Figure 5 presents the qualitative comparison on the ISIC-2018 dataset, which further validates the effectiveness of our proposed method across diverse lesion characteristics and imaging conditions. The second row demonstrates a particularly challenging case involving a small lesion, where our method successfully achieves precise segmentation while TransUNet exhibits significant under-segmentation, failing to capture the complete lesion extent. For lesions with highly irregular and fuzzy boundaries shown in the first and second rows, our approach produces more coherent and accurate segmentation masks that better align with the ground truth compared to competing methods, which often struggle with boundary ambiguity. Across all four representative cases spanning various lesion types, sizes, and imaging conditions, our method maintains consistent high-quality performance, demonstrating strong generalization capability and robustness to the inherent variability in dermoscopic images.

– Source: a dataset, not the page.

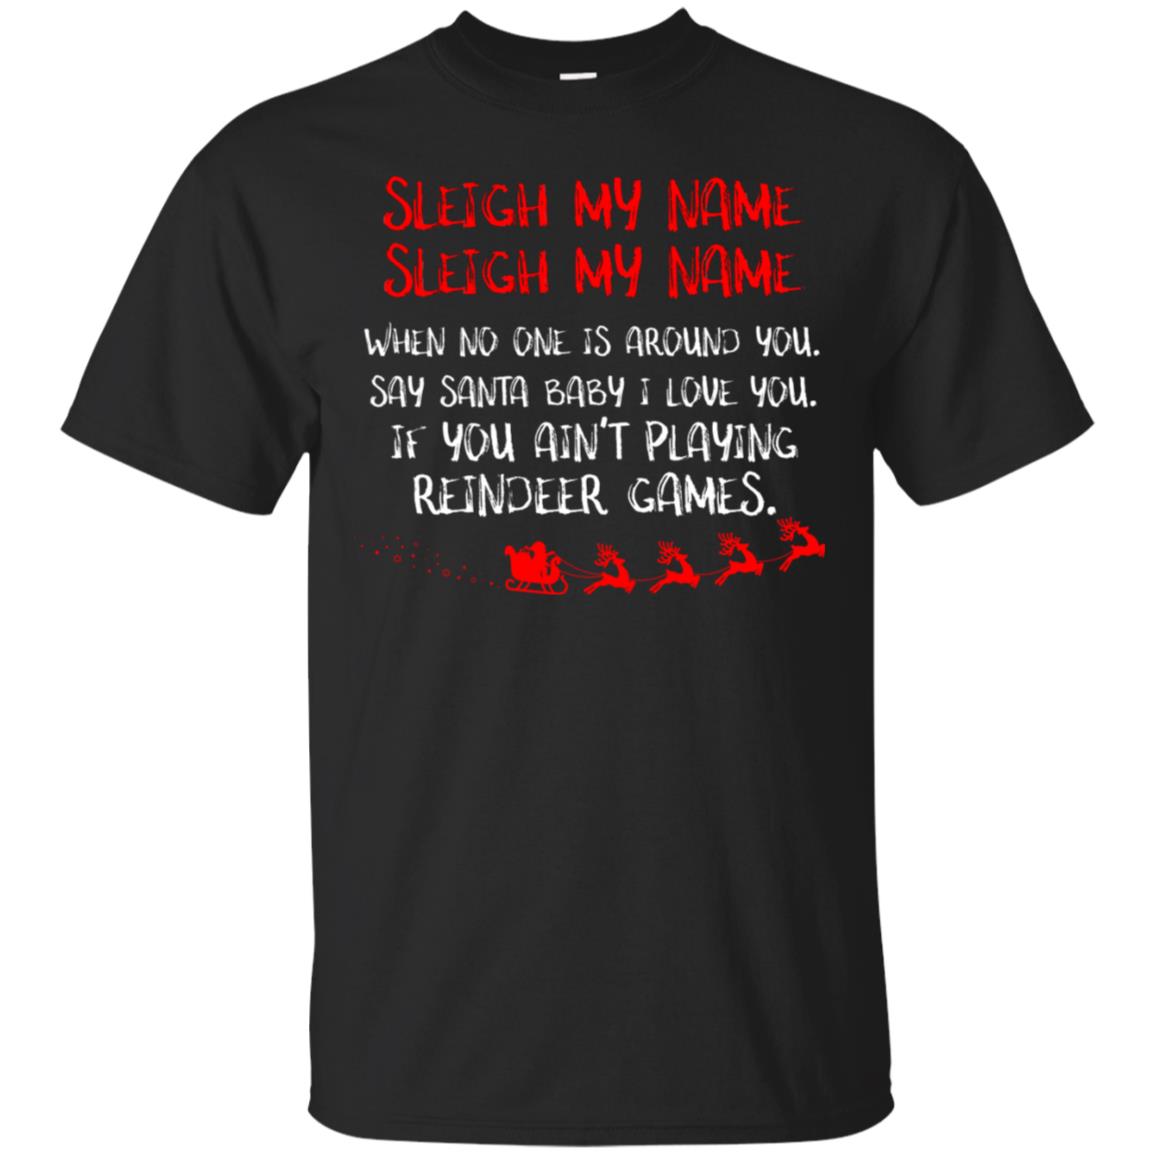 Sleigh My Nam When No One Around You Saying Baby I Love You If You Ain't Playing Reindeer Games ShirtG200 Gildan Ultra Cotton T-Shirt

The superior performance of our proposed method can be attributed to the synergistic integration of the PVT v2 backbone with the SAFE and MDCF modules within our architecture. The pyramid structure of PVT v2 enables effective multi-scale feature extraction, capturing both fine-grained textural details and global contextual information, which is crucial for handling lesions of varying sizes and appearances. The SAFE module further refines these multi-scale features by bridging the feature discrepancy across network depths through its dual-branch architecture, where the base-feature branch preserves shallow-layer details while the offset-compensation branch adaptively aligns them with deep semantic information using dilated convolutions and global statistics. The MDCF module then establishes bidirectional cross-attention between decoder and SAFE-enhanced encoder features, facilitating precise localization of lesion boundaries by adaptively emphasizing discriminative features while suppressing irrelevant background information. Its four-branch multi-scale deformable convolution unit captures lesion boundaries and small fragments at heterogeneous receptive fields, which is particularly effective in challenging scenarios with low contrast, ambiguous edges, or irregular morphologies. This comprehensive architectural design enhances the model’s ability to handle diverse lesion characteristics, including variations in size, shape, color, and texture patterns commonly observed in clinical dermoscopic images, ultimately achieving a superior balance between segmentation accuracy and computational efficiency.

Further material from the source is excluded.